Moreover, to identify potential heterogeneity of our results, we further performed subgroup analyses according to three categories, including 1) the menstrual regularity in participants (regular, irregular, mixed, or unspecified cycles), 2) health status of the participants (mixed populations including participants with comorbidities, or studies with unspecified health status), and 3) the ovulation detection method (ultrasound with serum hormone levels, serum LH alone, or overnight vaginal temperature). There was a significant difference in WDT diagnostic accuracy between menstrual regularity groups (Chi-square test, p = 0.02), indicating that irregular cycles may diminish the performance of WDT in ovulation detection (Supplementary Fig. 4a ). In contrast, WDT exhibited stable and comparable performance across either different ovulation reference standards or participant health status (Chi-square test, p = 0.13 and 0.74, respectively, Supplementary Fig. 4b, c ). Collectively, these findings suggest that although menstrual regularity remains a critical determinant of predictive reliability, WDT demonstrates consistent performance regardless of health background or ovulation validation method.
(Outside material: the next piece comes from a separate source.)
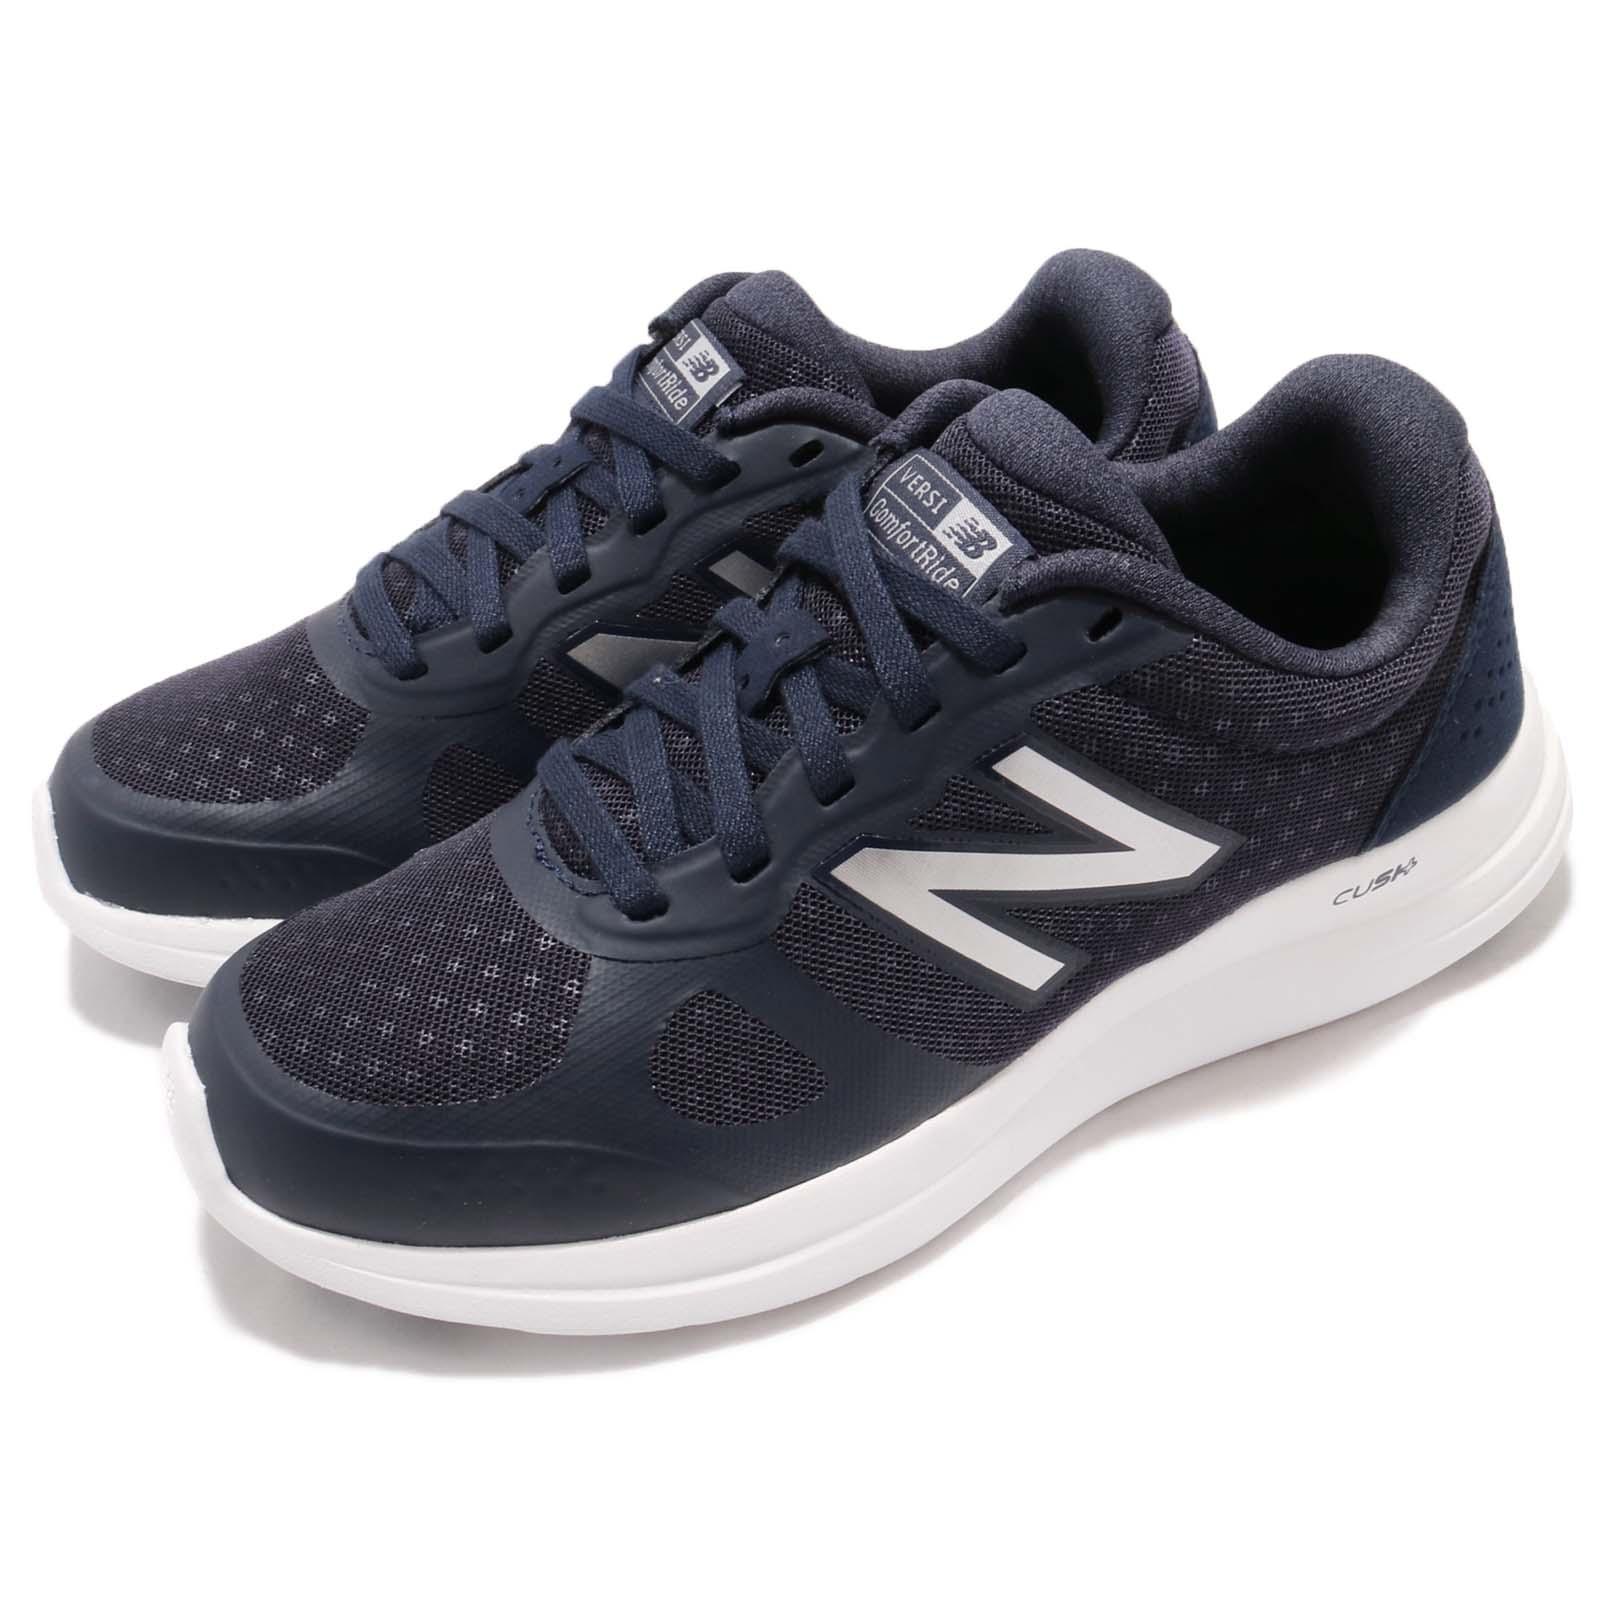 New Balance WVERSLJ1 D Wide Navy Silver Women Running Shoes Sneakers ... 82255ac4e15ca

Instead of capturing the exact date of ovulation, WDT generally estimates a time interval surrounding the ovulation date, with a different duration depending on device design and computational method. Our analysis showed that the detection performance of WDT for the precise date of ovulation was relatively low, presenting a pooled accuracy of 0.56 (95% CI: 0.00–1.00) for the specific ovulation day, and 0.61 (95% CI: 0.53–0.70) for ±1 day surrounding ovulation. Moreover, WDT exhibited comparable performance for detecting ±2 days with accuracy of 0.90 (95% CI: 0.88–0.93) and ± 3 days with accuracy of 0.88 (95% CI: 0.84–0.92) surrounding ovulation, whereas a slightly lower pooled accuracy of 0.85 (95% CI: 0.80–0.91) was detected to detect ovulation 5 days in advance. Consistently, network ranking and SUCRA analysis revealed that the detection accuracy 2 to 3 days surrounding ovulation exceeded detecting ±1 day or the exact day of ovulation. Moreover, the interval from 5 days in advance to ovulation day was also suboptimal for WDT detection (Supplementary Fig. 5 and Supplementary Table 4 ).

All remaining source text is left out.